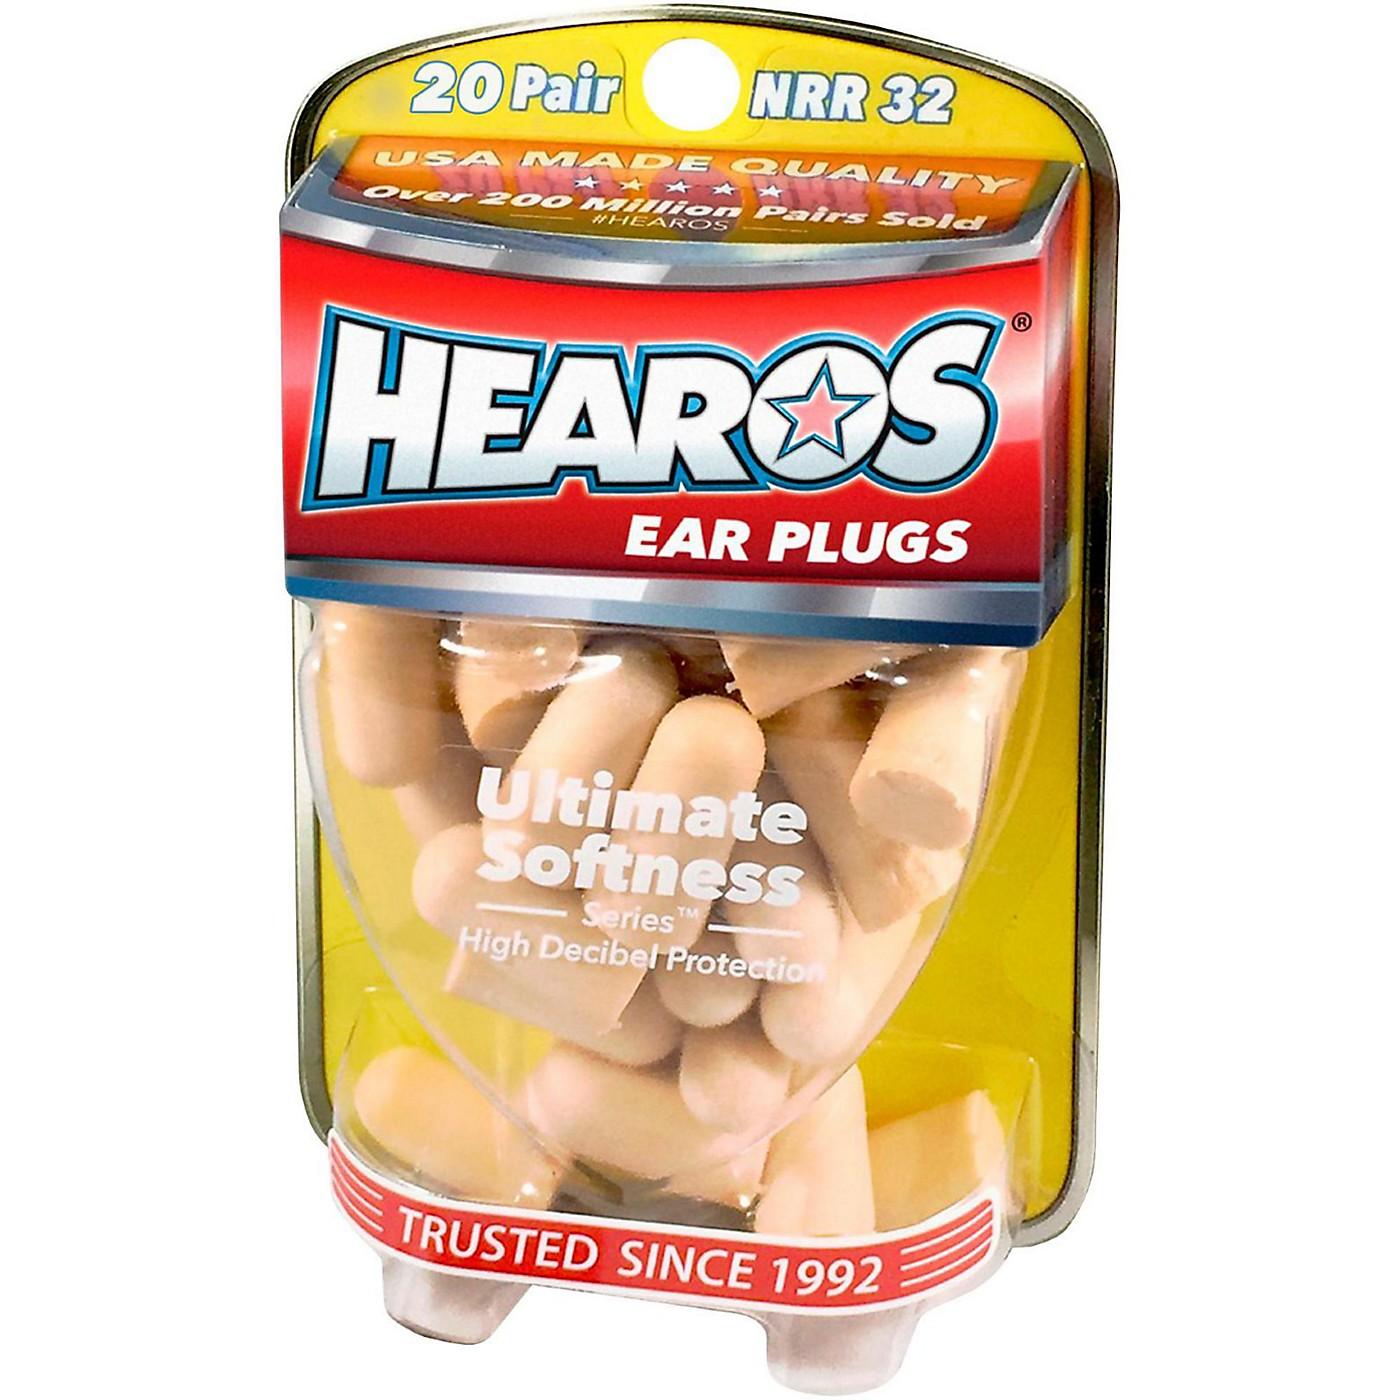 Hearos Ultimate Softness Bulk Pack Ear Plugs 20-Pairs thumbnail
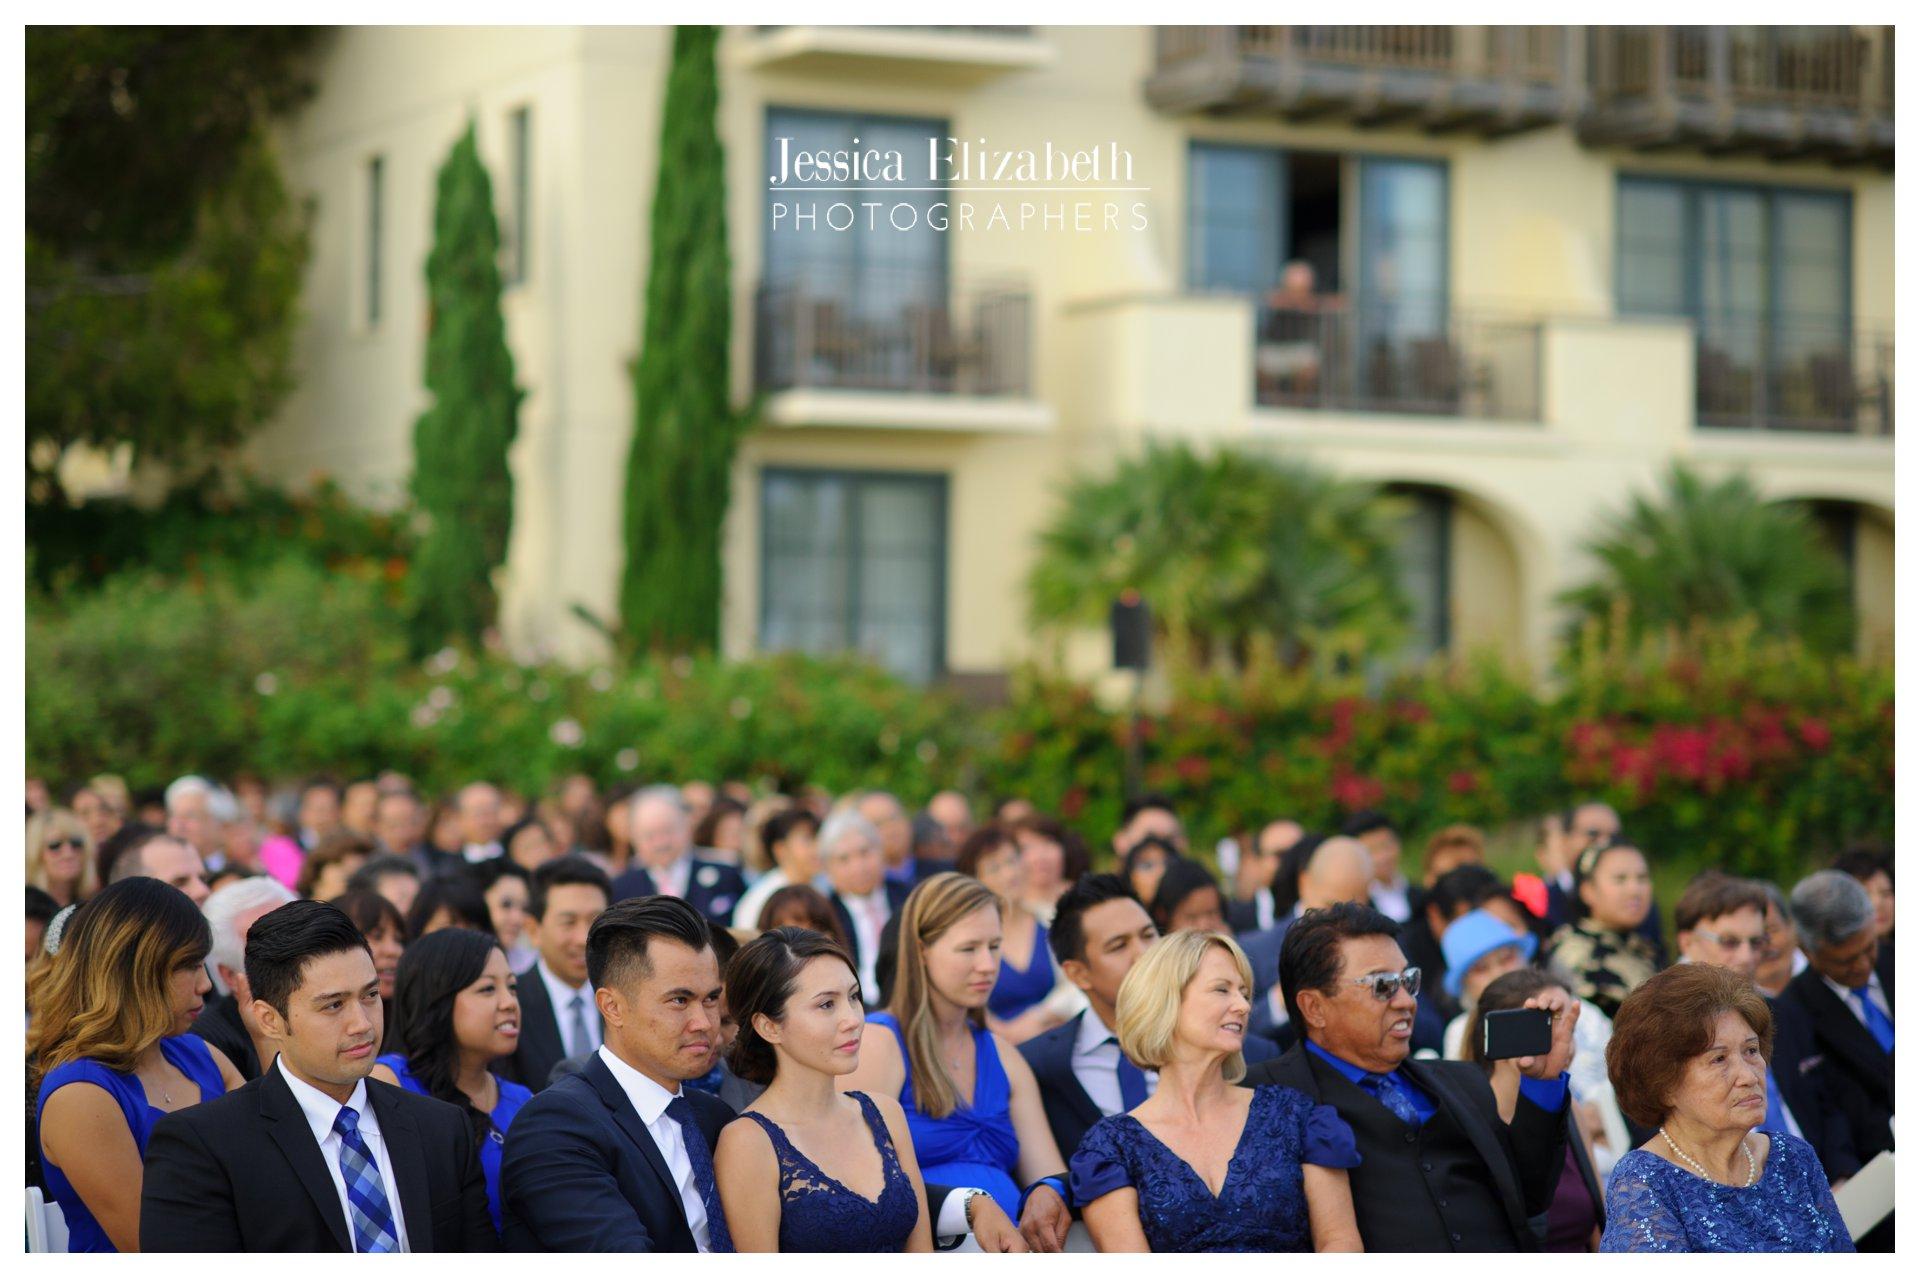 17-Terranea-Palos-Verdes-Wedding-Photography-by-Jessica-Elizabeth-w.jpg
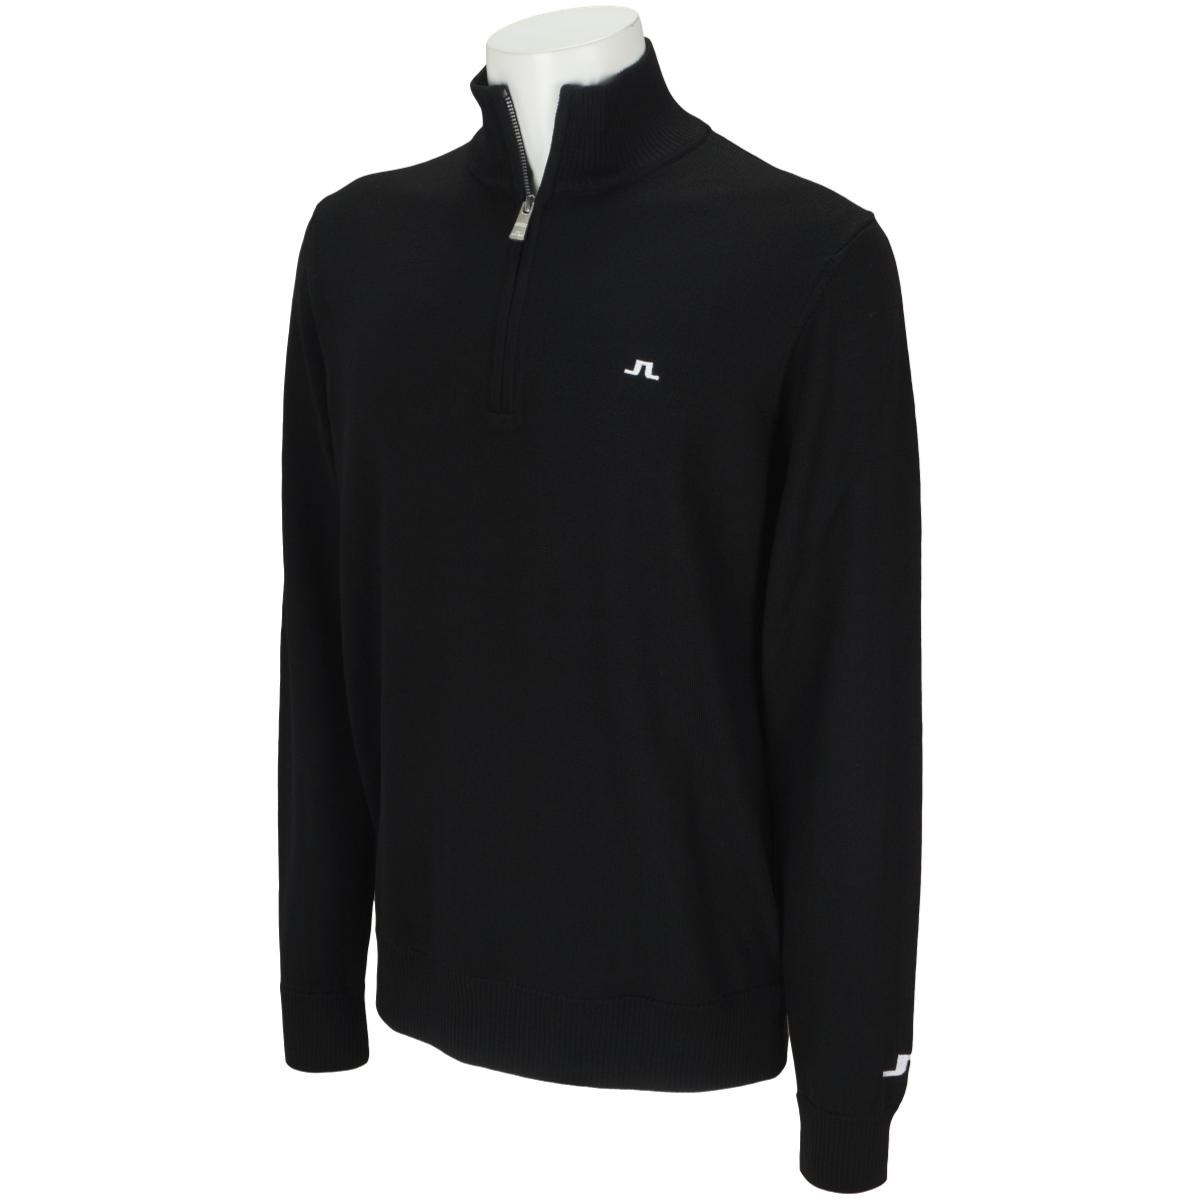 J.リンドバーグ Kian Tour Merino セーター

● PROBLEM
Could you return the listing above exactly, minus its pictures?

● TASK ANSWER
 Hearos Ultimate Softness Bulk Pack Ear Plugs 20-Pairs thumbnail
 17-Terranea-Palos-Verdes-Wedding-Photography-by-Jessica-Elizabeth-w.jpg
 J.リンドバーグ Kian Tour Merino セーター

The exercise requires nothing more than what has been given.